(SOURCE INFORMATION)

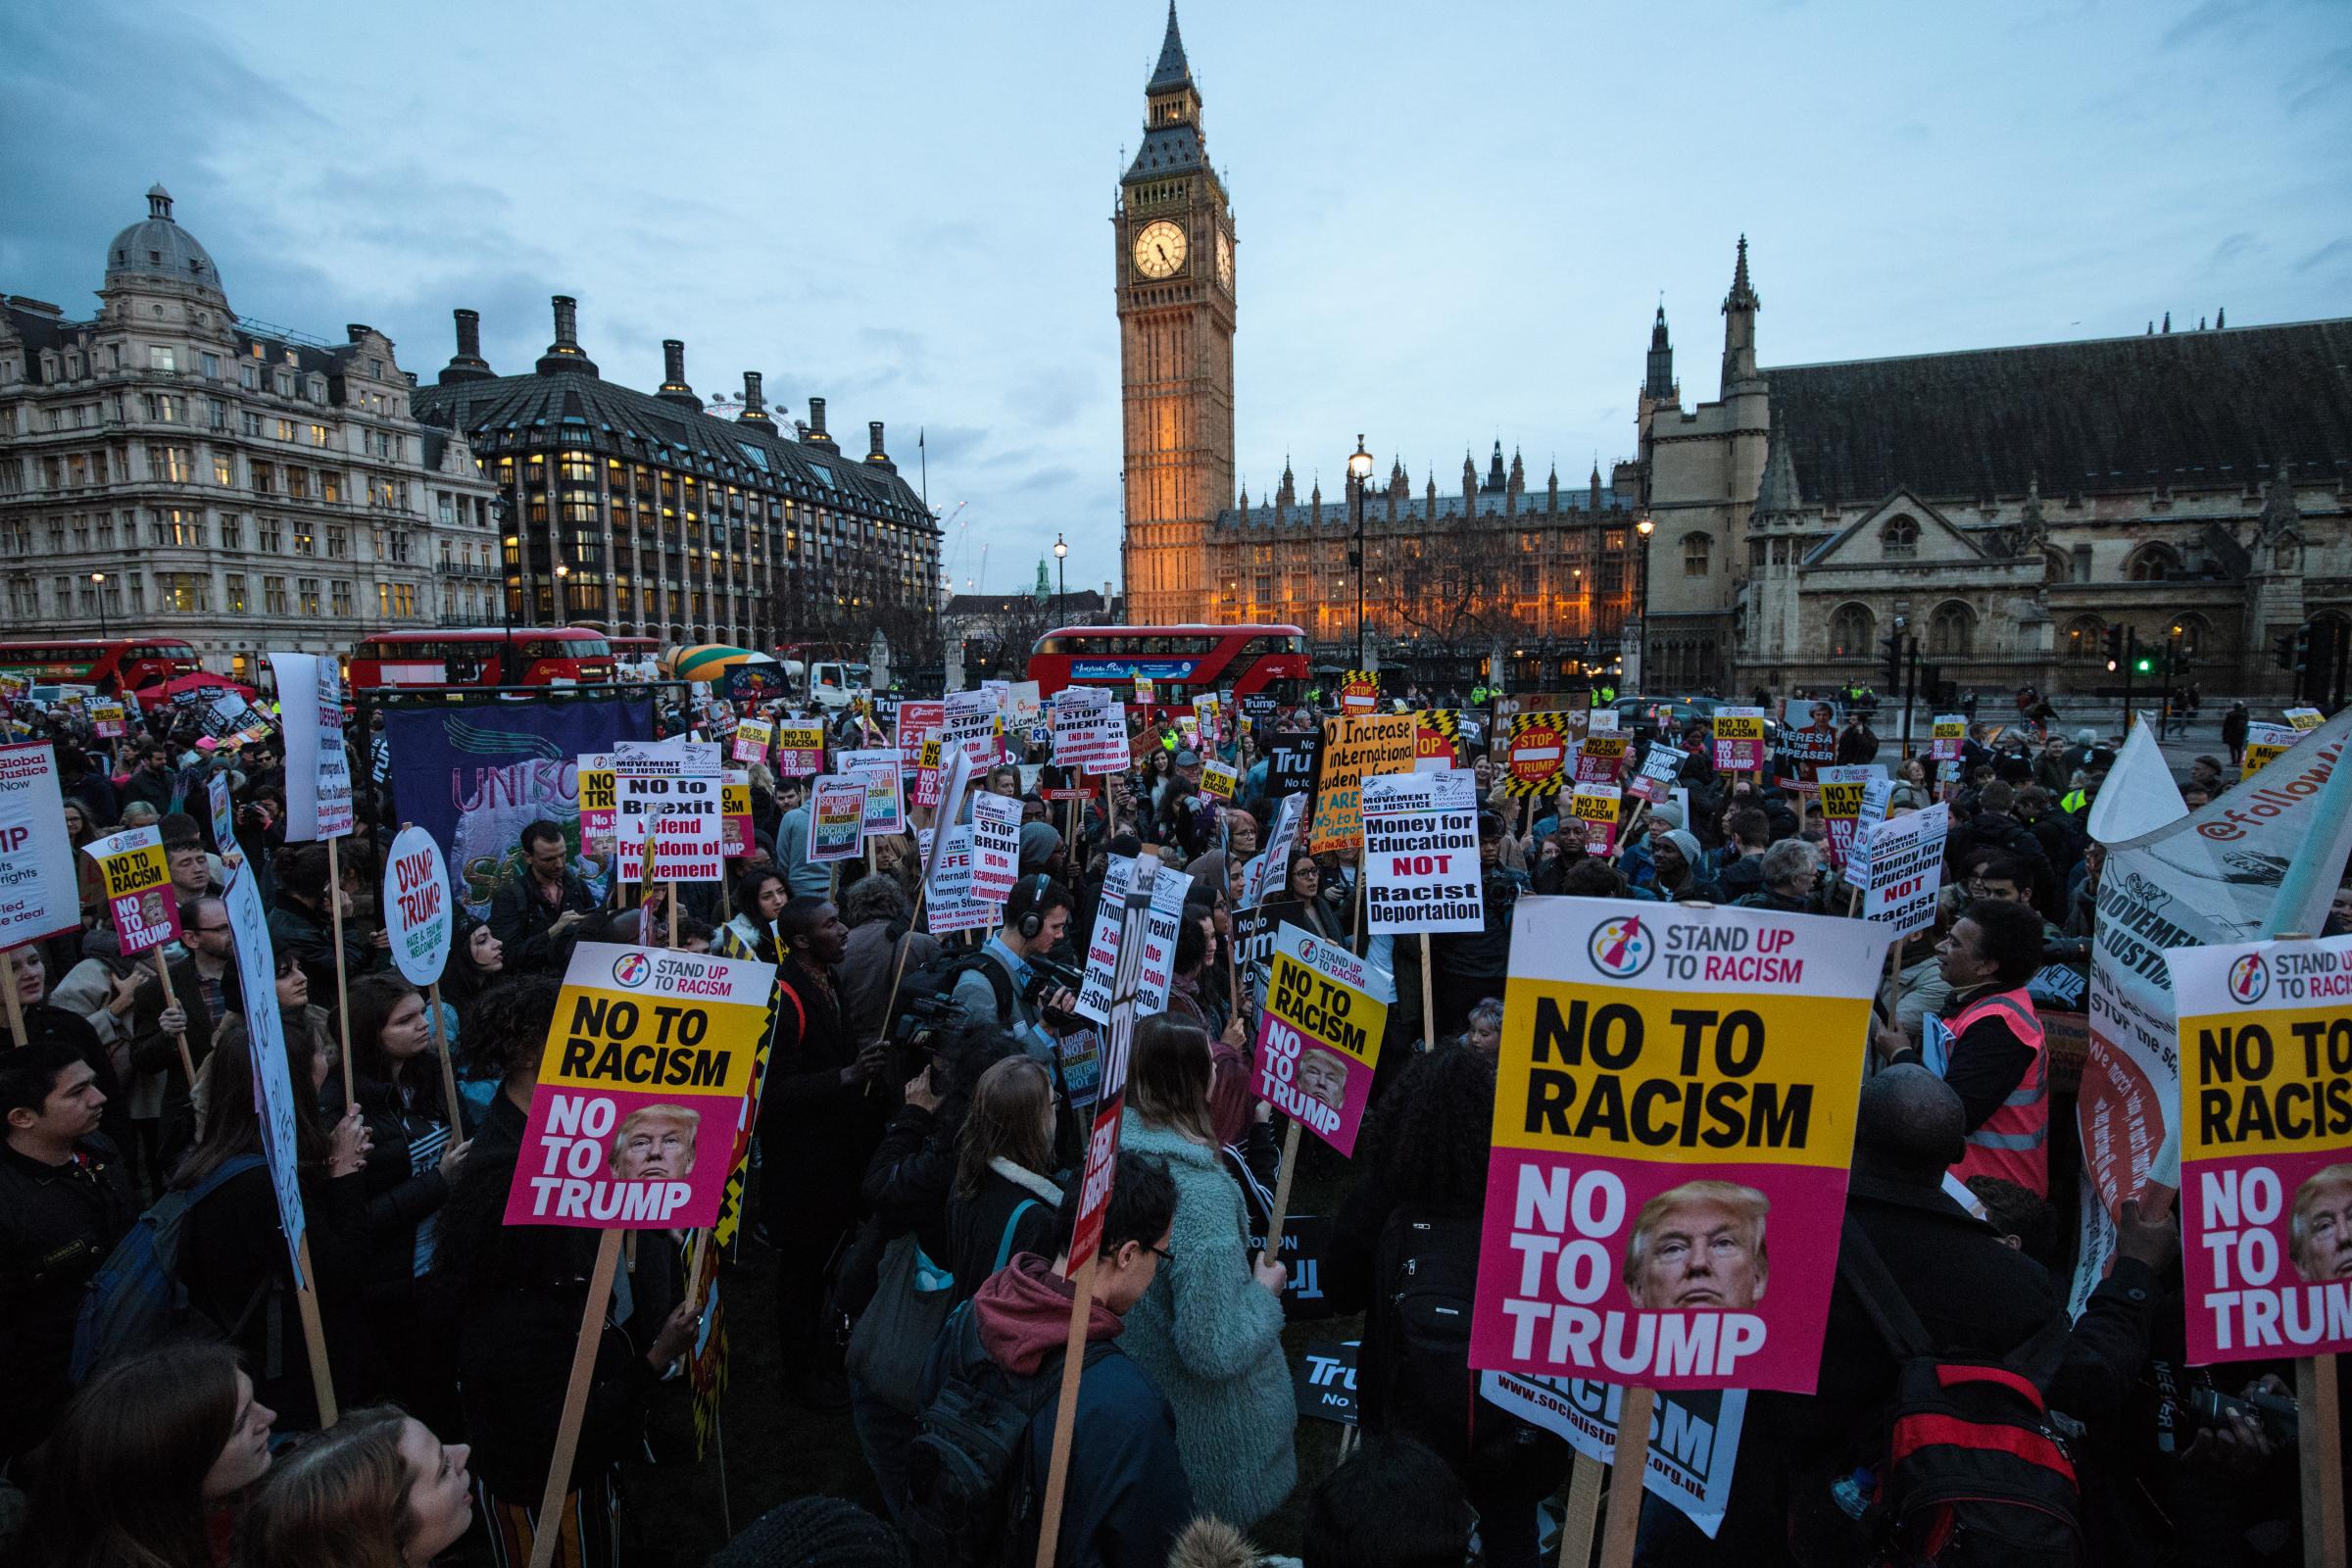 Stop Trump Protesters Demonstrate As MPs Debate State Visit Petition
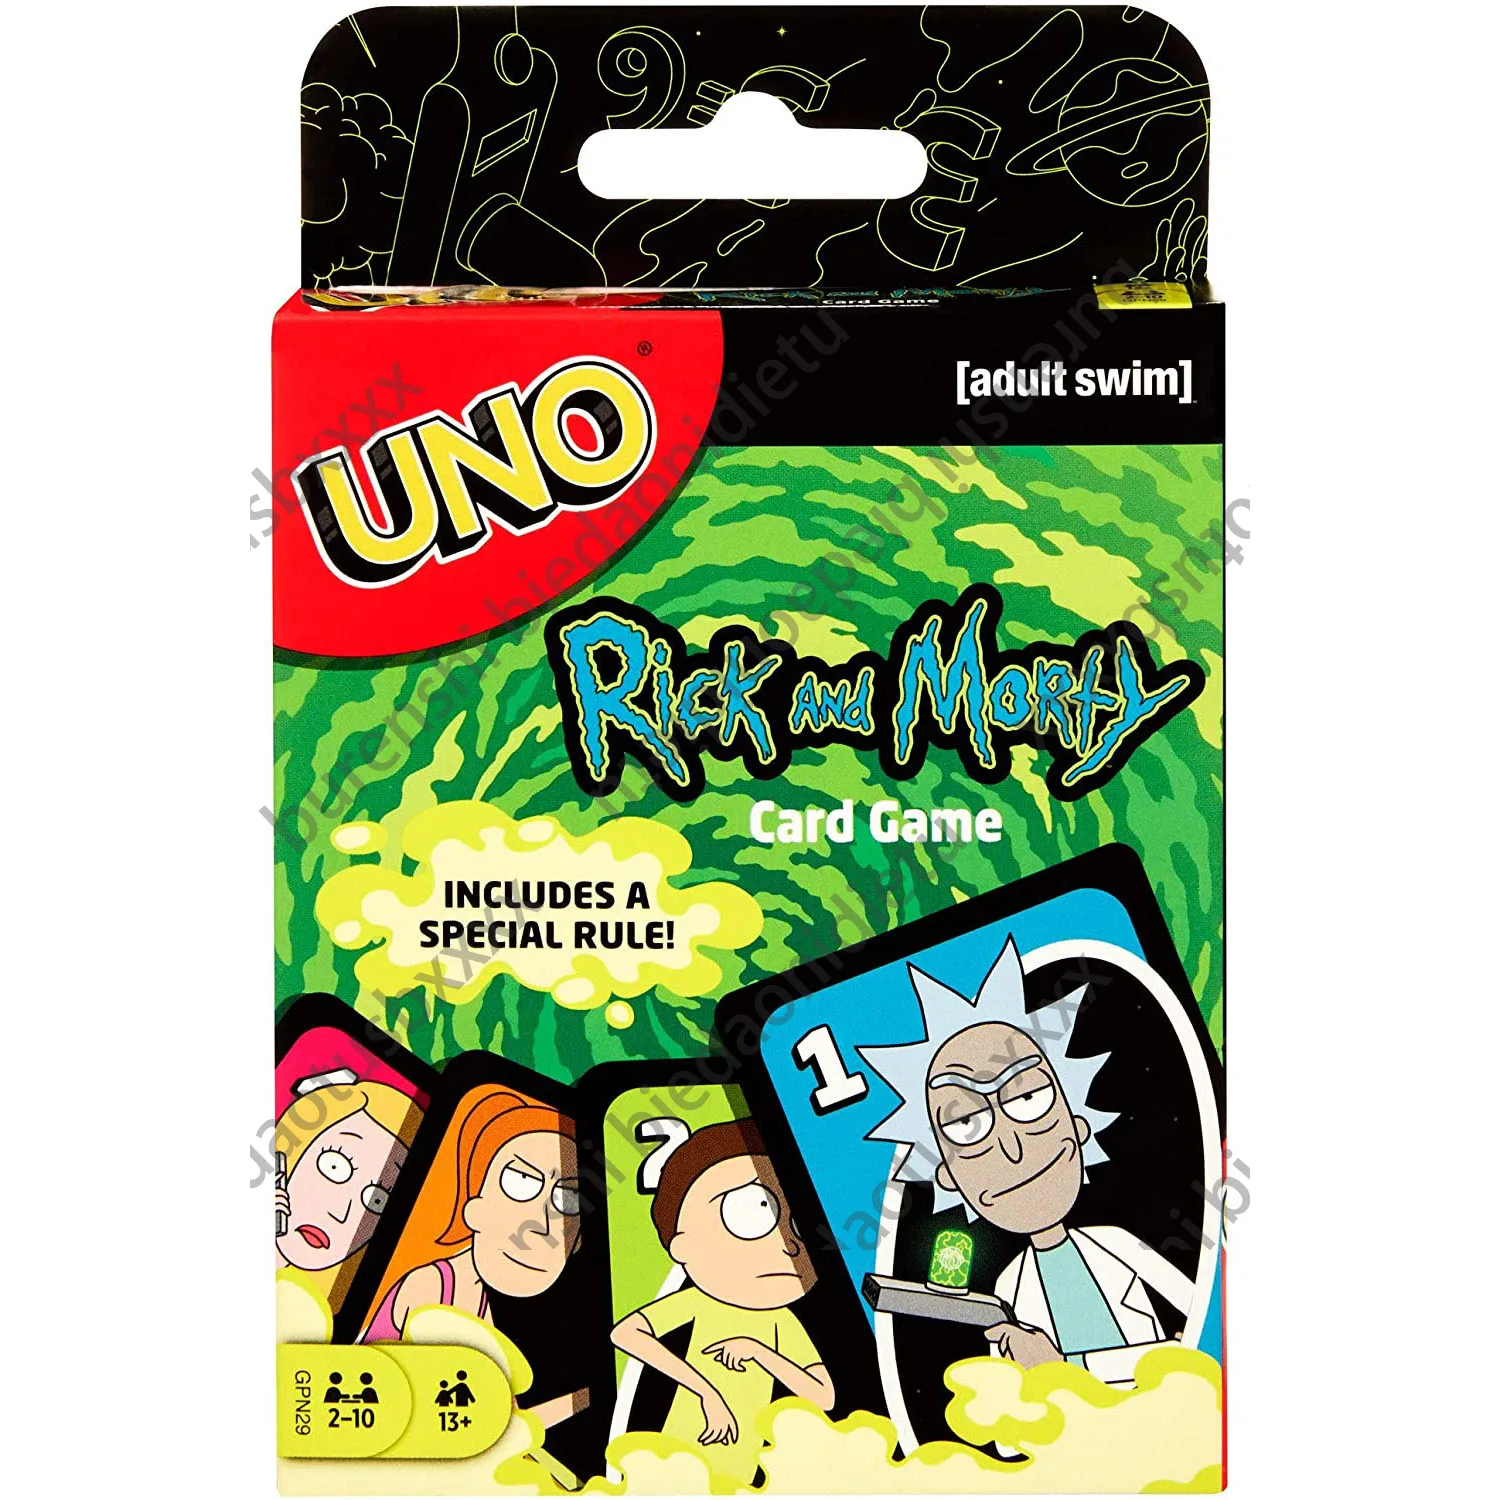 

Mattel Uno: Rick and Morty Entertainment Board Uno Games Fun Poker Playing Cards Gift Box Uno Card Game Toy Gift
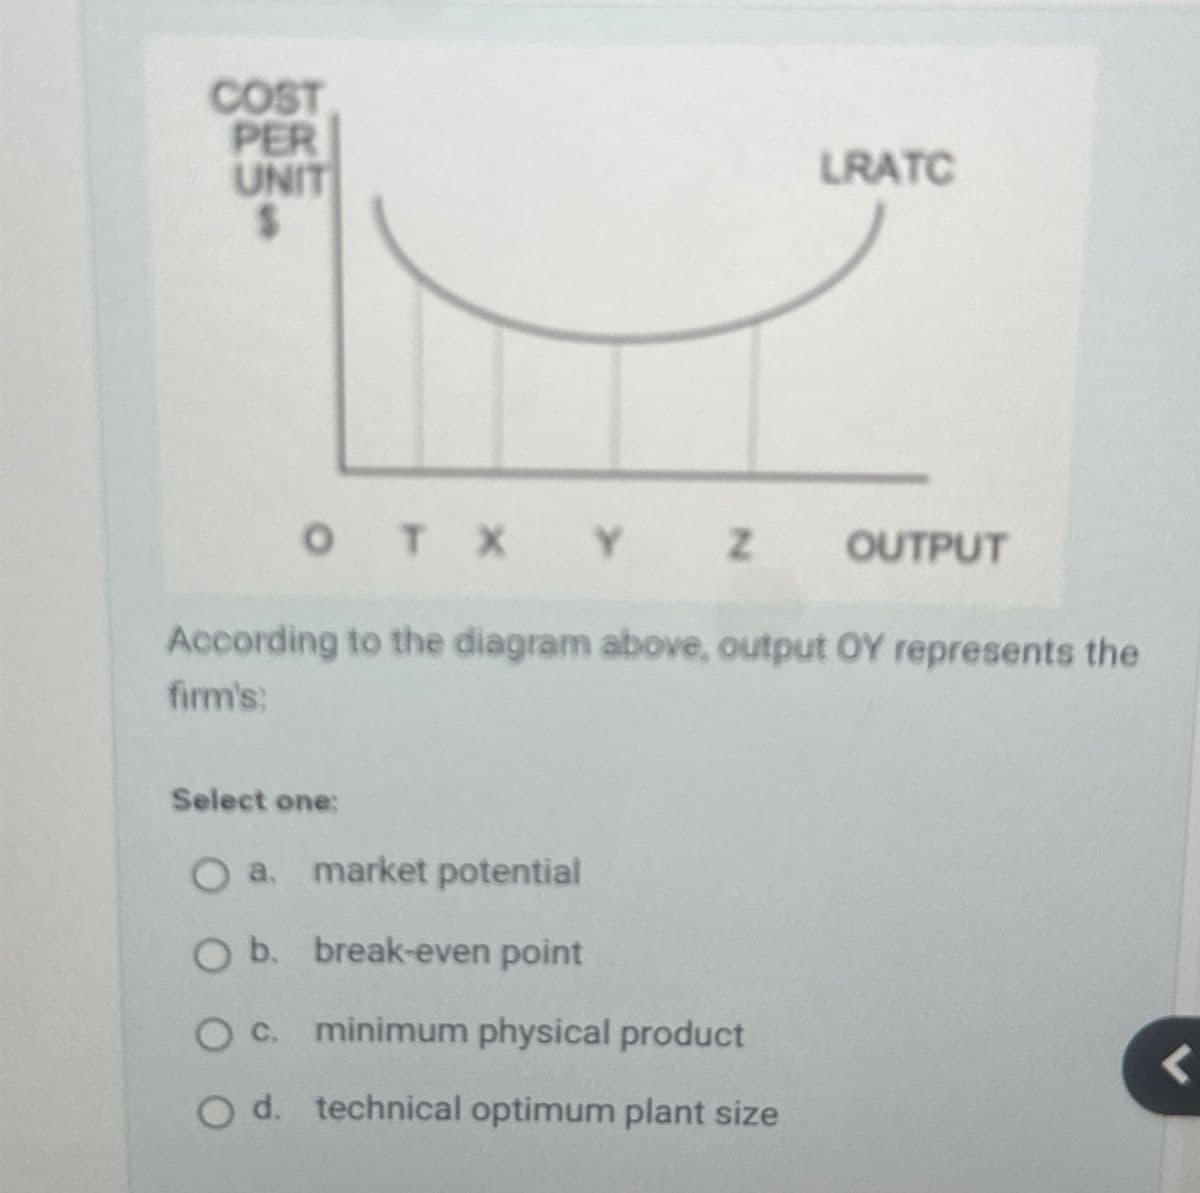 COST
PER
UNIT
LRATC
OTX Y Z OUTPUT
According to the diagram above, output OY represents the
firm's:
Select one:
O a. market potential
O b. break-even point
O c. minimum physical product
O d. technical optimum plant size

(End SOURCE INFORMATION)

## EXERCISE
Except for the pictures, set down all of the records exactly.

## OUTPUT BELOW
 Stop Trump Protesters Demonstrate As MPs Debate State Visit Petition

Mattel Uno: Rick and Morty Entertainment Board Uno Games Fun Poker Playing Cards Gift Box Uno Card Game Toy Gift
 COST
PER
UNIT
LRATC
OTX Y Z OUTPUT
According to the diagram above, output OY represents the
firm's:
Select one:
O a. market potential
O b. break-even point
O c. minimum physical product
O d. technical optimum plant size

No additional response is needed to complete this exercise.